# [Records to use]
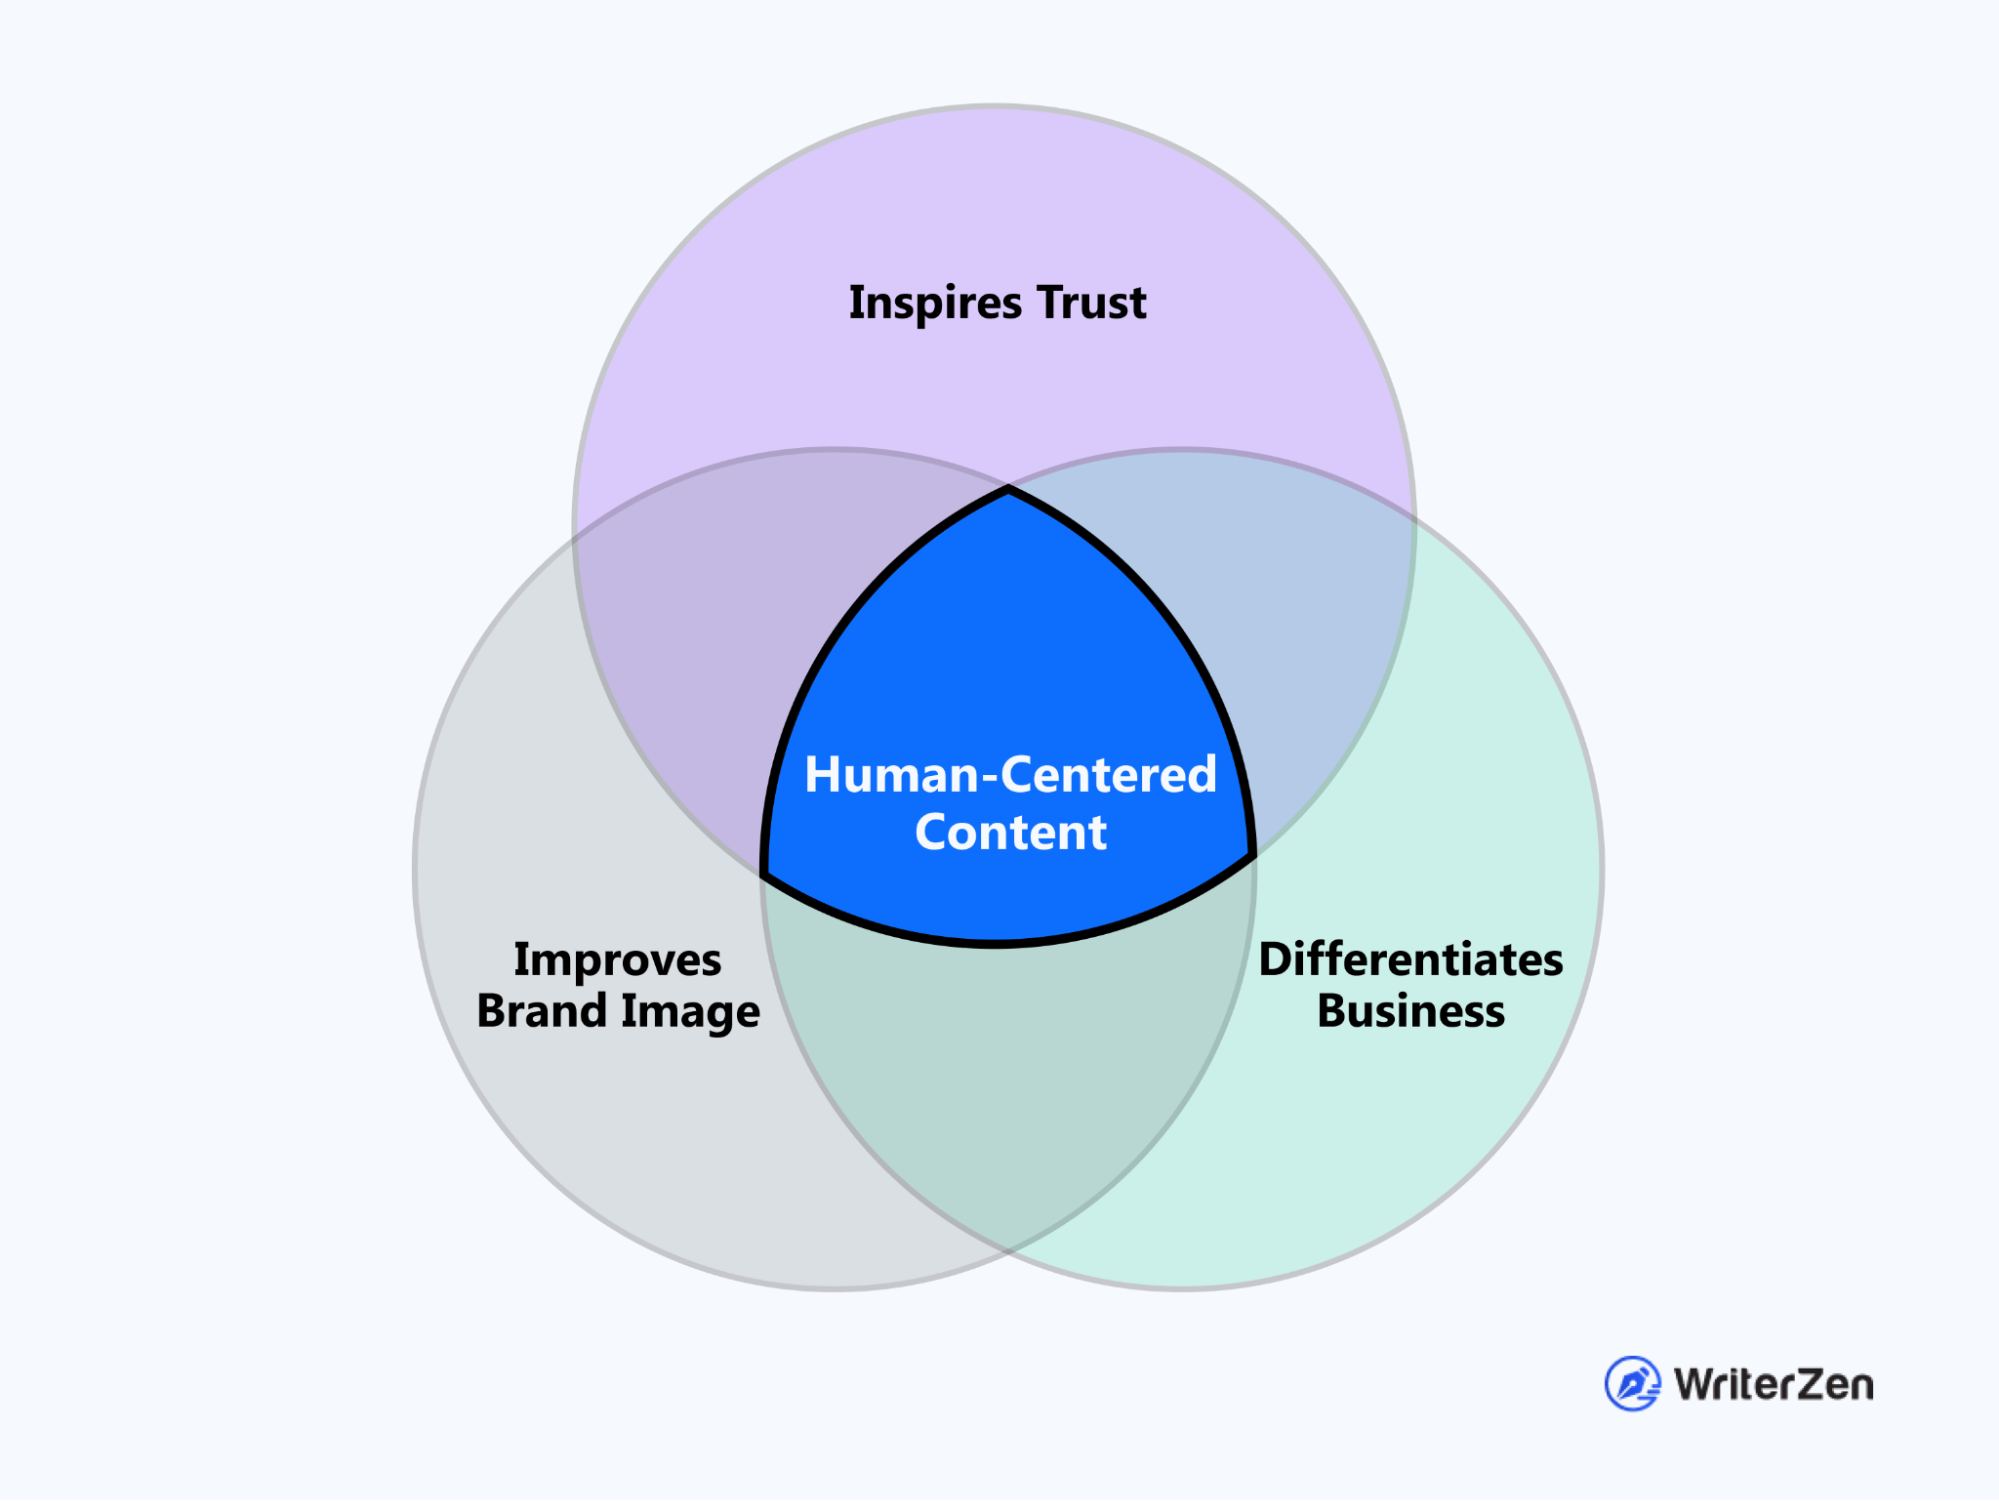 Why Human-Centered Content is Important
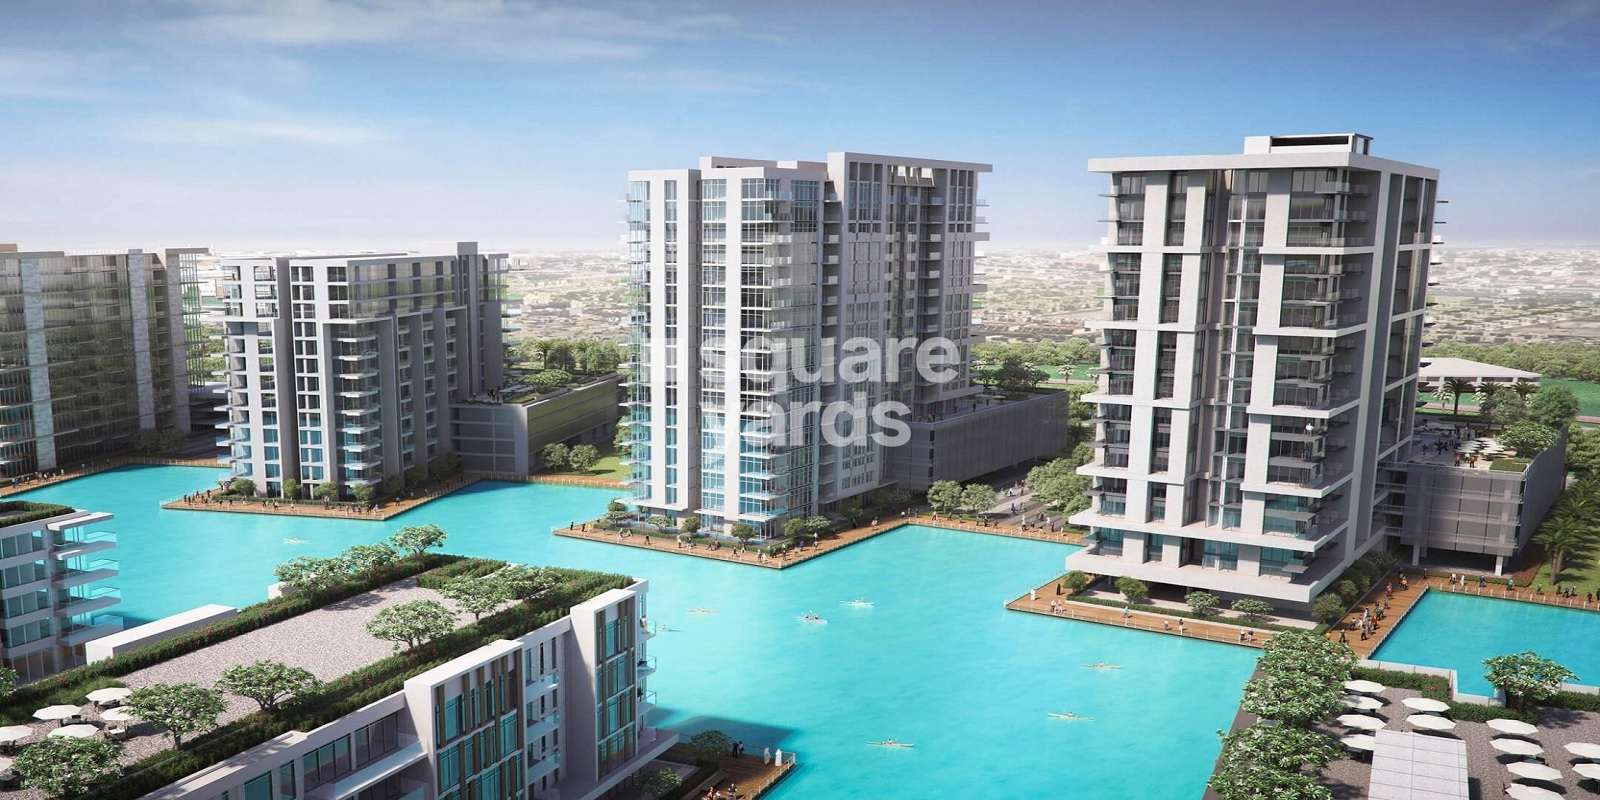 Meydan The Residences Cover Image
* * *
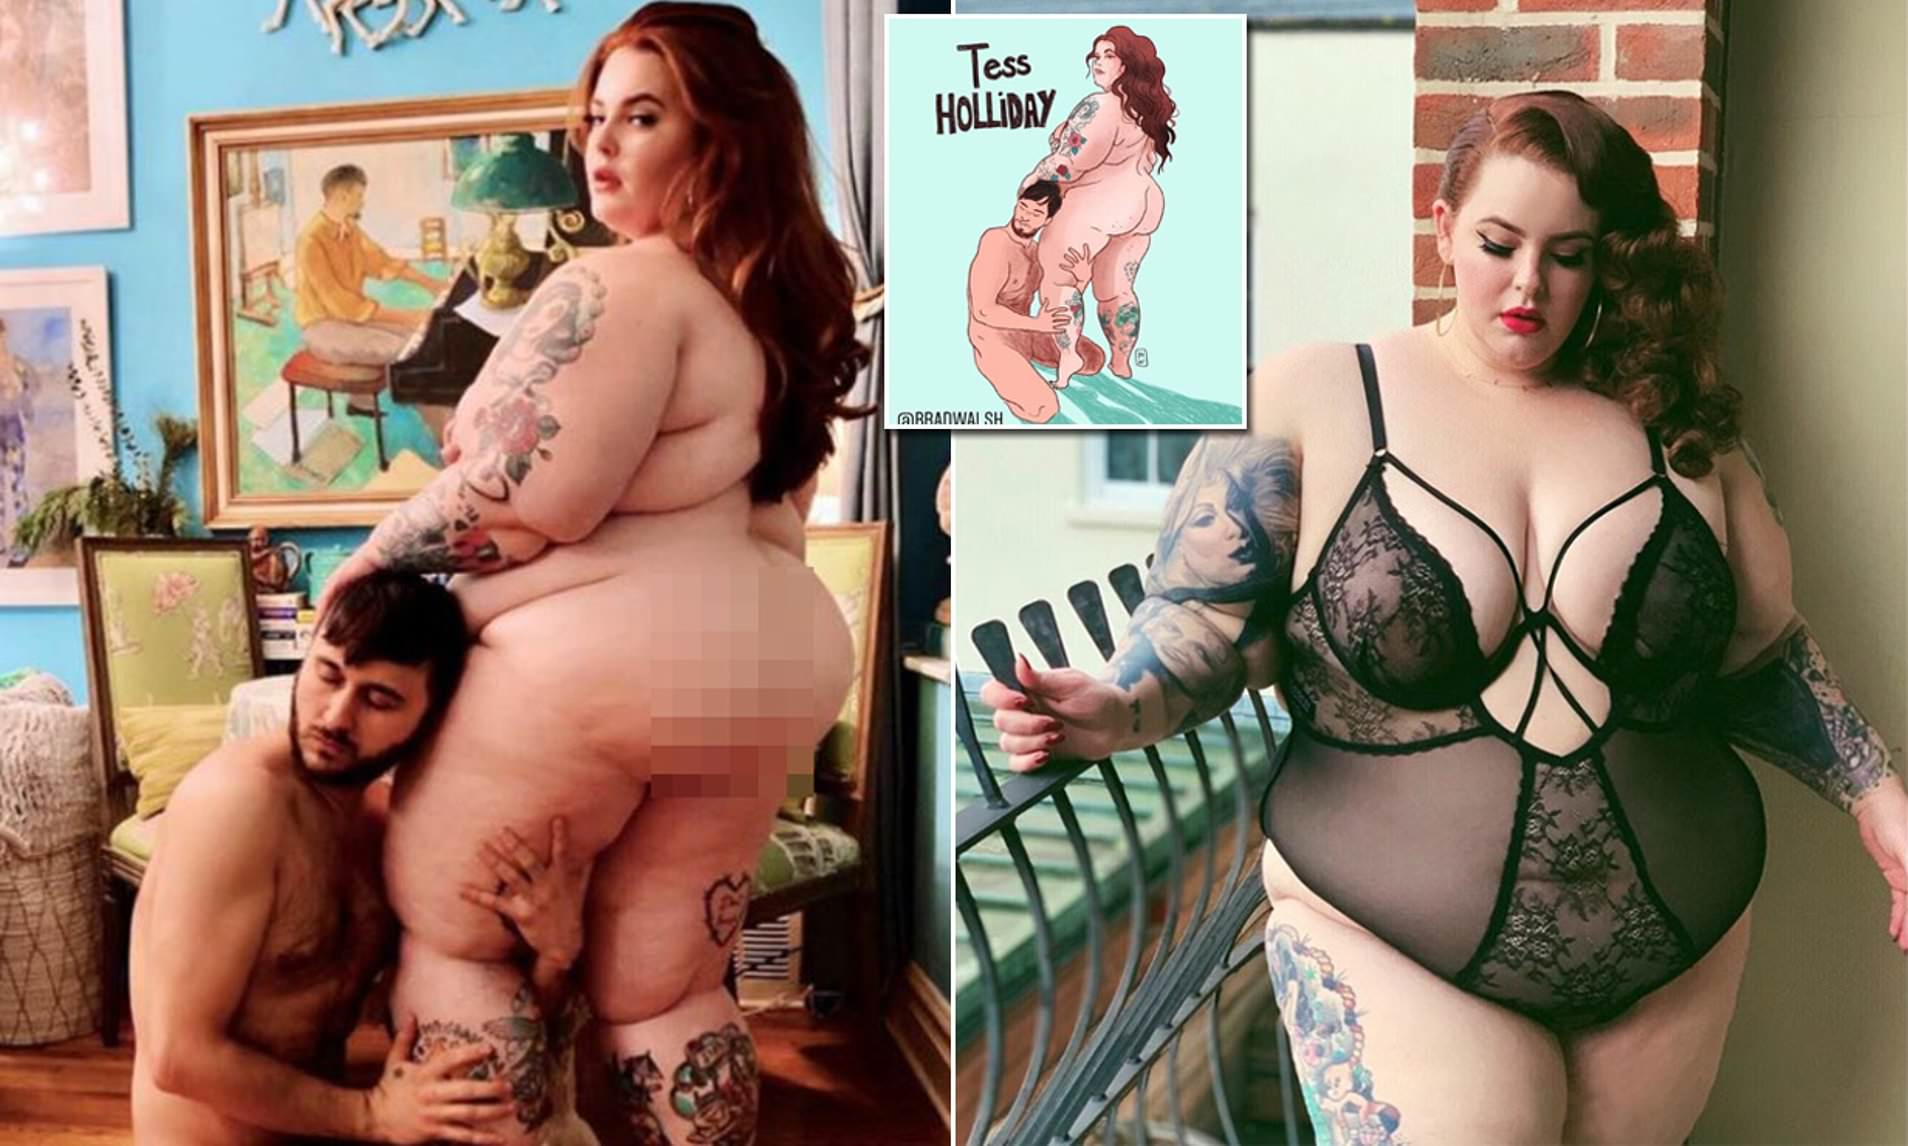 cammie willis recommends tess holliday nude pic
...
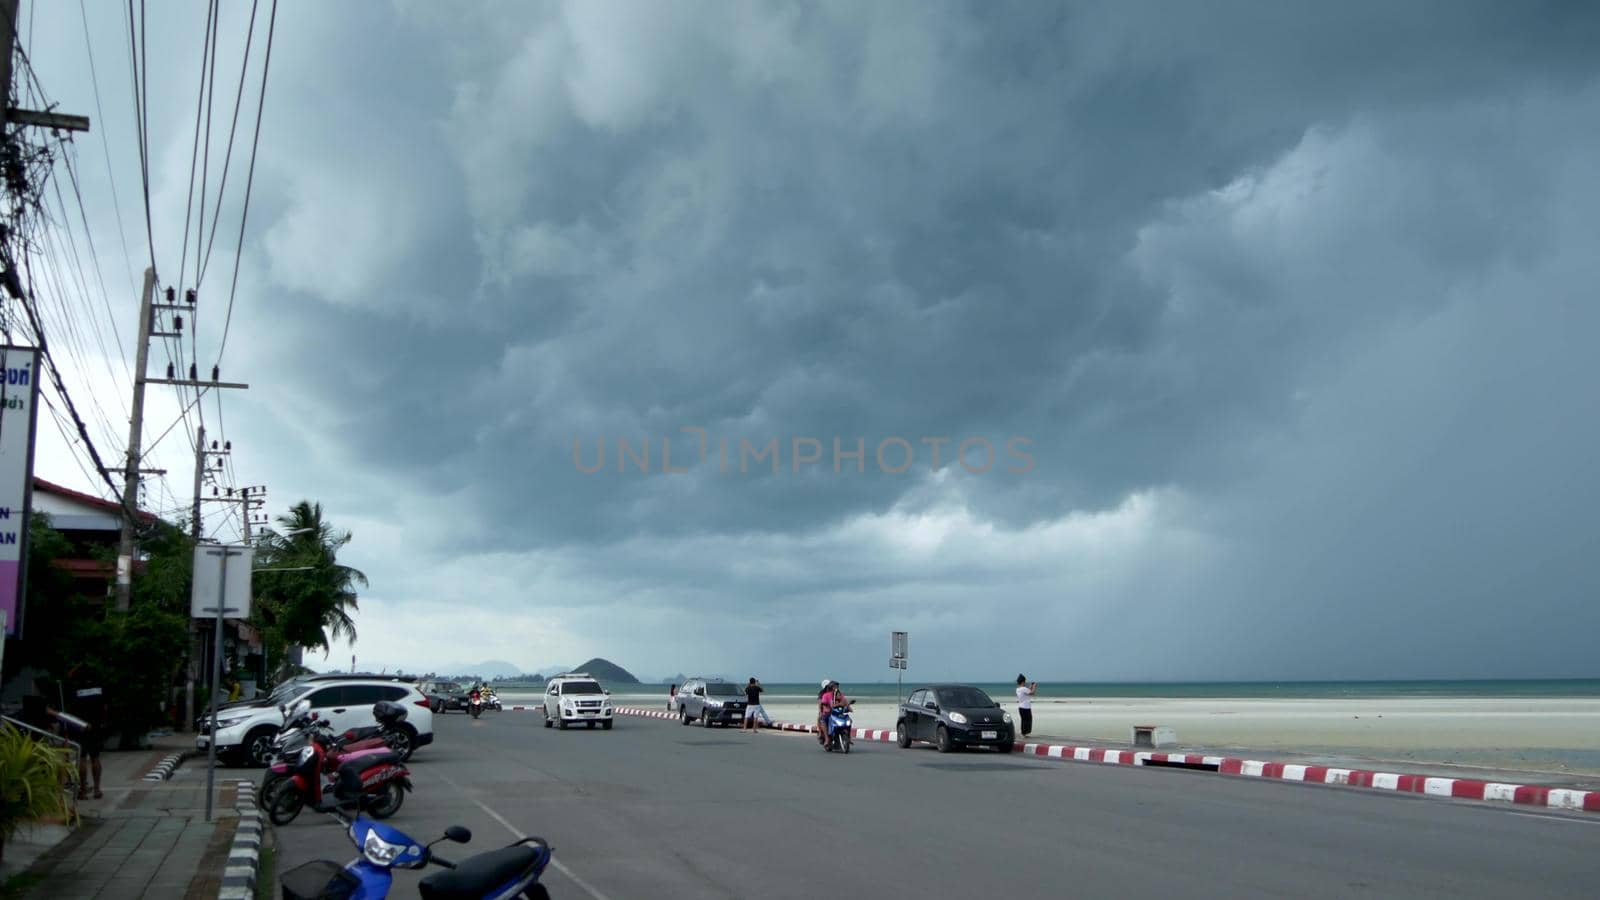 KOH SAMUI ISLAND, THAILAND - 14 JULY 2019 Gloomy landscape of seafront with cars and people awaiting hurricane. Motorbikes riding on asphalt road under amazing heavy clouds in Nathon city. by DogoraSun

# [Your instructions]
Copy out exactly the material that runs from the line with "Why Human-Centered Content is Important" to the line with "Meydan The Residences Cover Image", ends included, and leave the pictures behind.

# [Result of this exercise]
 Why Human-Centered Content is Important
 Meydan The Residences Cover Image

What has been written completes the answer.